This tool is designed to perform checks (see Rules) against your GraphQL documents (which contain one or more query, mutation or subscription operations and any associated fragments) before you ship them to production, to help ensure the safety of your servers. You should use it alongside other tooling such as trusted documents and GraphQL-ESLint to ensure you're shipping the best GraphQL you can.
This tools is designed to be safe to incorporate into your existing projects - it enables you to capture (and allowlist) the current state of your existing operations, called the "baseline", whilst enforcing more rigorous rules against future operations (and against new fields added to existing operations). You can thus safely adopt this tool with strict rules enabled, even if you've been lenient with your GraphQL operations up until this point, without breaking existing operations. And you can change the configuration options at any point and simply reset the baseline to avoid having to adjust existing operations to match your new rules.
gqlcheck
by default uses all cores available on your processor to complete the
checks as fast as possible; to adjust this see Configuration.

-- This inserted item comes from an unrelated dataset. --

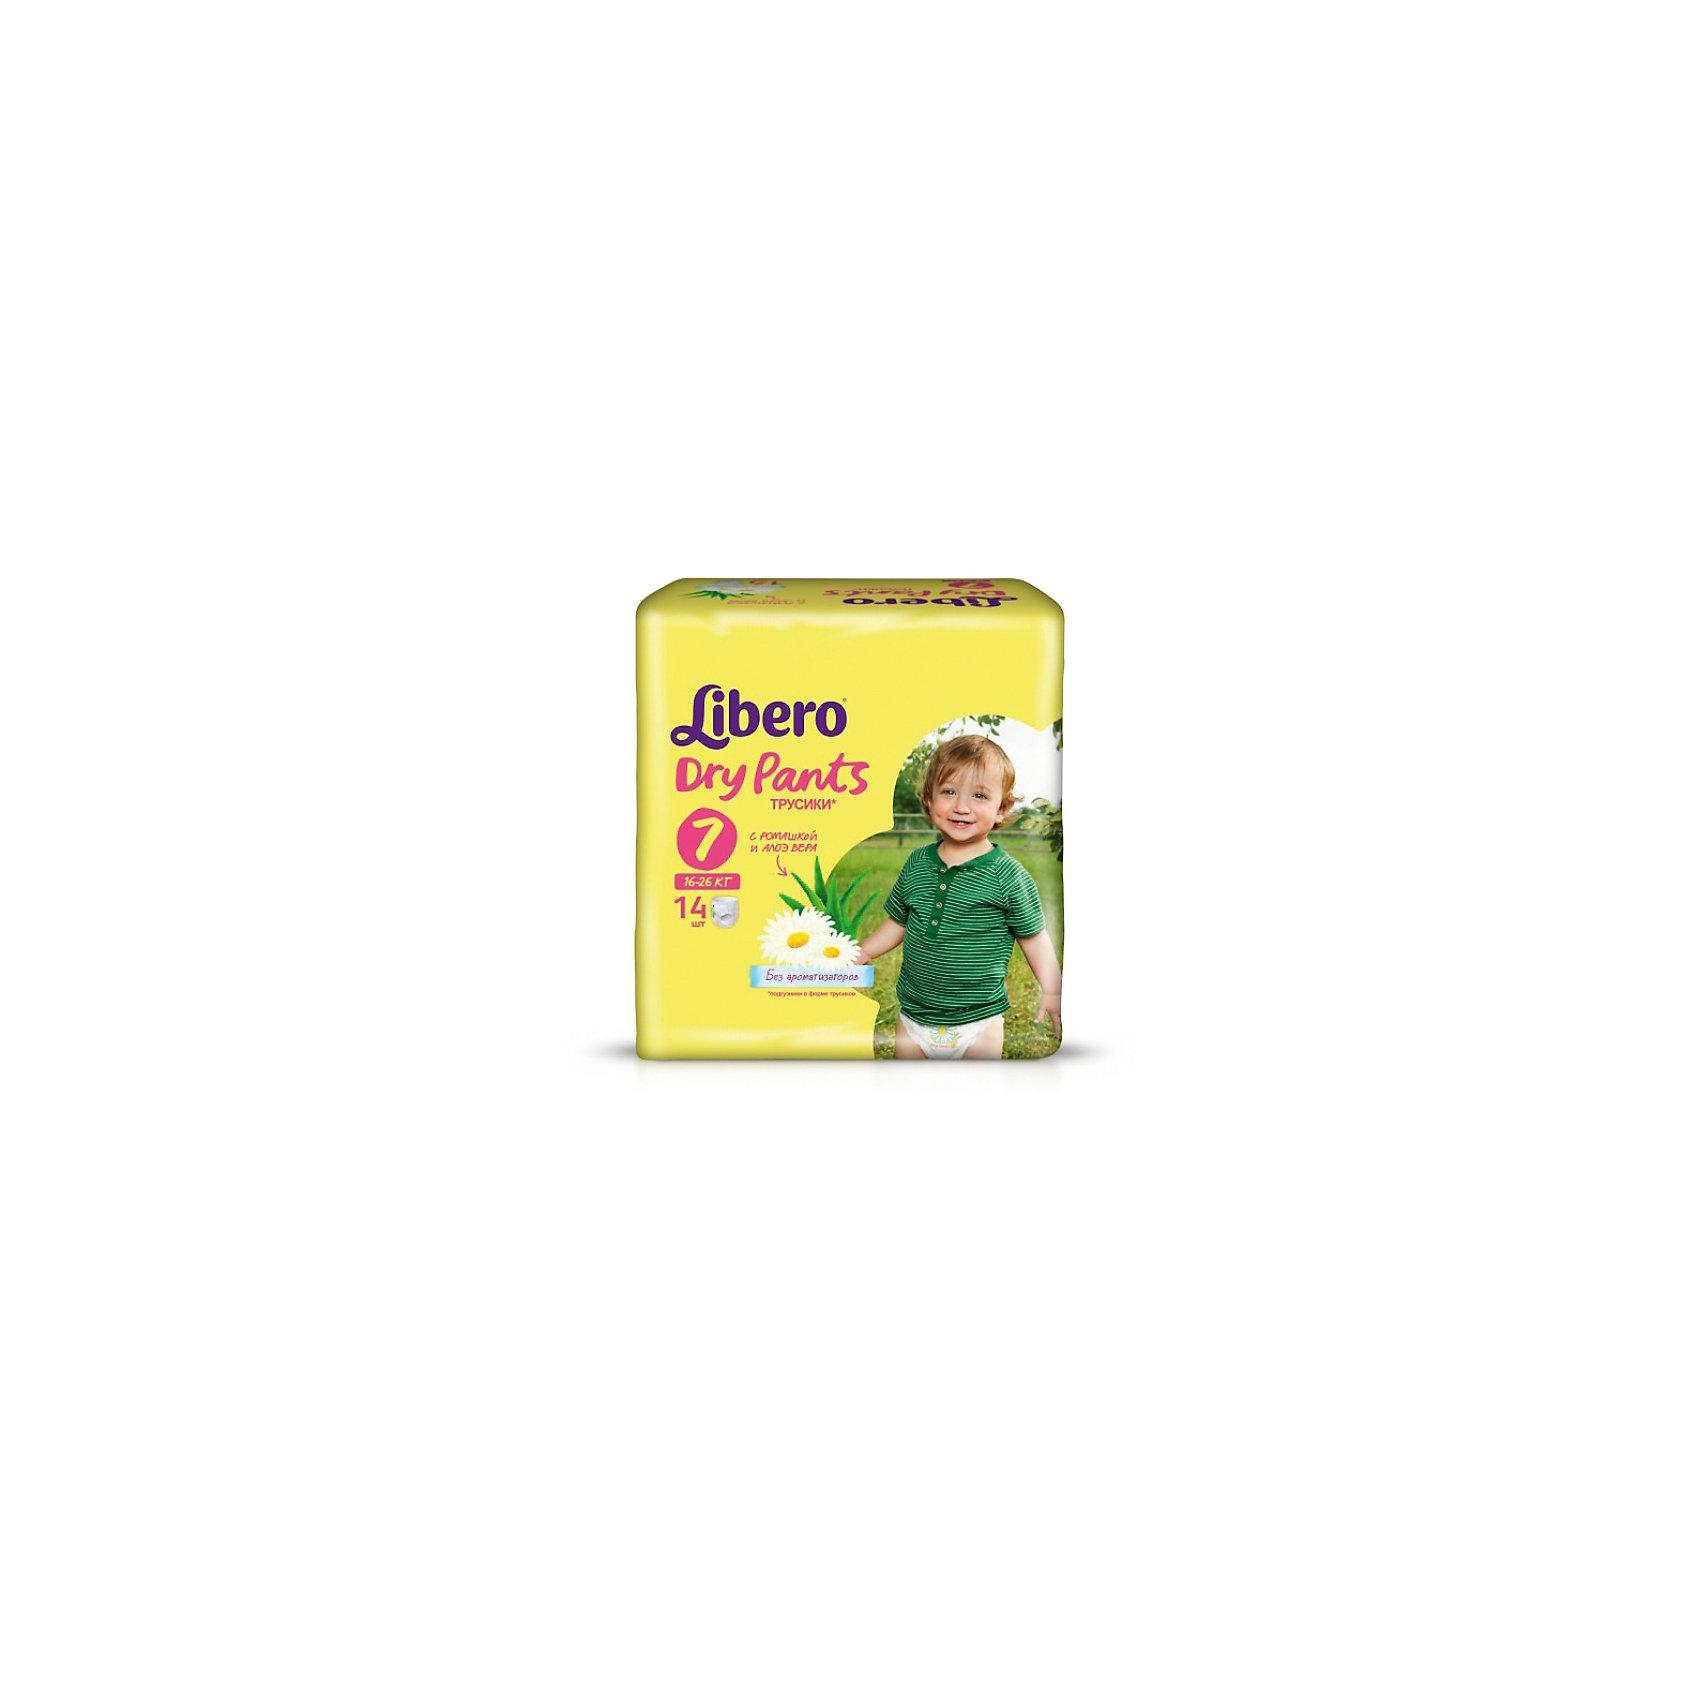 Трусики Libero Dry Pants, XL Plus 16-26 кг, 14 шт.Трусики-подгузники<br>Трусики-подгузники Libero Dry Pants (Либеро Драй Пентс) Size 7 (16-26кг), 14 шт.<br><br>Характеристики: <br><br>• легко надевать<br>• мягкие и тонкие трусики<br>• отлично впитывают и удерживают влагу<br>• содержат экстракт ромашки<br>• тянущийся поясок из дышащих материалов<br>• барьеры вокруг ножек защищают от протекания<br>• не сковывают движений<br>• легко снимать и сворачивать<br>• размер: 7 (16-26 кг)<br>• количество в упаковке: 14 шт.<br><br>Если ваш малыш не любит спокойно ждать пока вы его переоденете, то трусики-подгузники Libero Dry Pants станут для вас прекрасным решением. Они легко надеваются, как обычное белье и также легко снимаются при разрывании боковых швов. Трусики очень мягкие и тонкие, при этом они отлично впитывают и удерживают влагу, не стесняя движений крохи. Экстракт ромашки и алоэ успокоит нежную кожу малыша. Высокие барьеры и эластичный поясок препятствуют протеканию.  После использования вы легко сможете свернуть трусики и заклеить из специальной клейкой лентой. Яркая упаковка и привлекательный дизайн превратят процесс переодевания в веселую игру!<br><br>Трусики-подгузники Libero Dry Pants Size 7 (16-26кг), 14 шт. вы можете купить в нашем интернет-магазине.<br><br>Ширина мм: 147<br>Глубина мм: 195<br>Высота мм: 195<br>Вес г: 611<br>Возраст от месяцев: 24<br>Возраст до месяцев: 84<br>Пол: Унисекс<br>Возраст: Детский<br>SKU: 3517631

Run a check passing your schema and a path to your operations (either .graphql
file(s), directory containing the same, or a
KJSONL file containing operations):
npx gqlcheck -s path/to/schema.graphqls path/to/operations
Output:
path/to/operations/doc2.graphql:
- [17:3] Self-reference limit for field 'User.friends' exceeded: 3 > 2
Problematic paths:
- FoFoF:query>currentUser>F1:User.friends>F2:User.friends>F3:User.friends
path/to/operations/doc3.graphql:
- [7:13] Maximum list nesting depth limit exceeded: 6 > 4
Problematic paths:
- FoFoFoFoFoF:query>currentUser>friends>friends>friends>friends>friends
- FoFoFoFoFoF:query>currentUser>friends>friends>friends>friends>friends>friends
- [5:9] Self-reference limit for field 'User.friends' exceeded: 6 > 2
Problematic paths:
- FoFoFoFoFoF:query>currentUser>friends>friends>friends
- FoFoFoFoFoF:query>currentUser>friends>friends>friends>friends
- FoFoFoFoFoF:query>currentUser>friends>friends>friends>friends>friends
- FoFoFoFoFoF:query>currentUser>friends>friends>friends>friends>friends>friends
Scanned 3 documents consisting of 3 operations (and 3 fragments). Visited 16
fields, 0 arguments, 3 named fragment spreads and 0 inline fragment spreads.
Errors: 0
Infractions: 3
This reveals all our documents are valid (no errors), but they don't comply with
our rules (3 infractions). But these are existing operations; we only want to
defend against newly introduced issues, all existing operations should be
allowed. To achieve this, we create a baseline using the -b
and -u
flags:
npx gqlcheck -s path/to/schema.graphqls path/to/operations -b baseline.json5 -u
New baseline written to baseline.json5
Scanned 3 documents consisting of 3 operations (and 3 fragments). Visited 16
fields, 0 arguments, 3 named fragment spreads and 0 inline fragment spreads.
Errors: 0
Infractions: 0 (ignored: 3)
Passing all these flags is a chore; instead, let's create a configuration file
graphile.config.mjs
:
export default {
gqlcheck: {
schemaSdlPath: "path/to/schema.graphqls",
baselinePath: "baseline.json5",
},
};
Then in CI we can check no new issues are introduced:
npx gqlcheck path/to/operations
Scanned 3 documents consisting of 3 operations (and 3 fragments). Visited 16
fields, 0 arguments, 3 named fragment spreads and 0 inline fragment spreads.
Errors: 0
Infractions: 0 (ignored: 3)
The gqlcheck
command exits with a status code indicating success or failure:
Exit status 0: no issues found.
Exit status 1: errors (including validation errors) found.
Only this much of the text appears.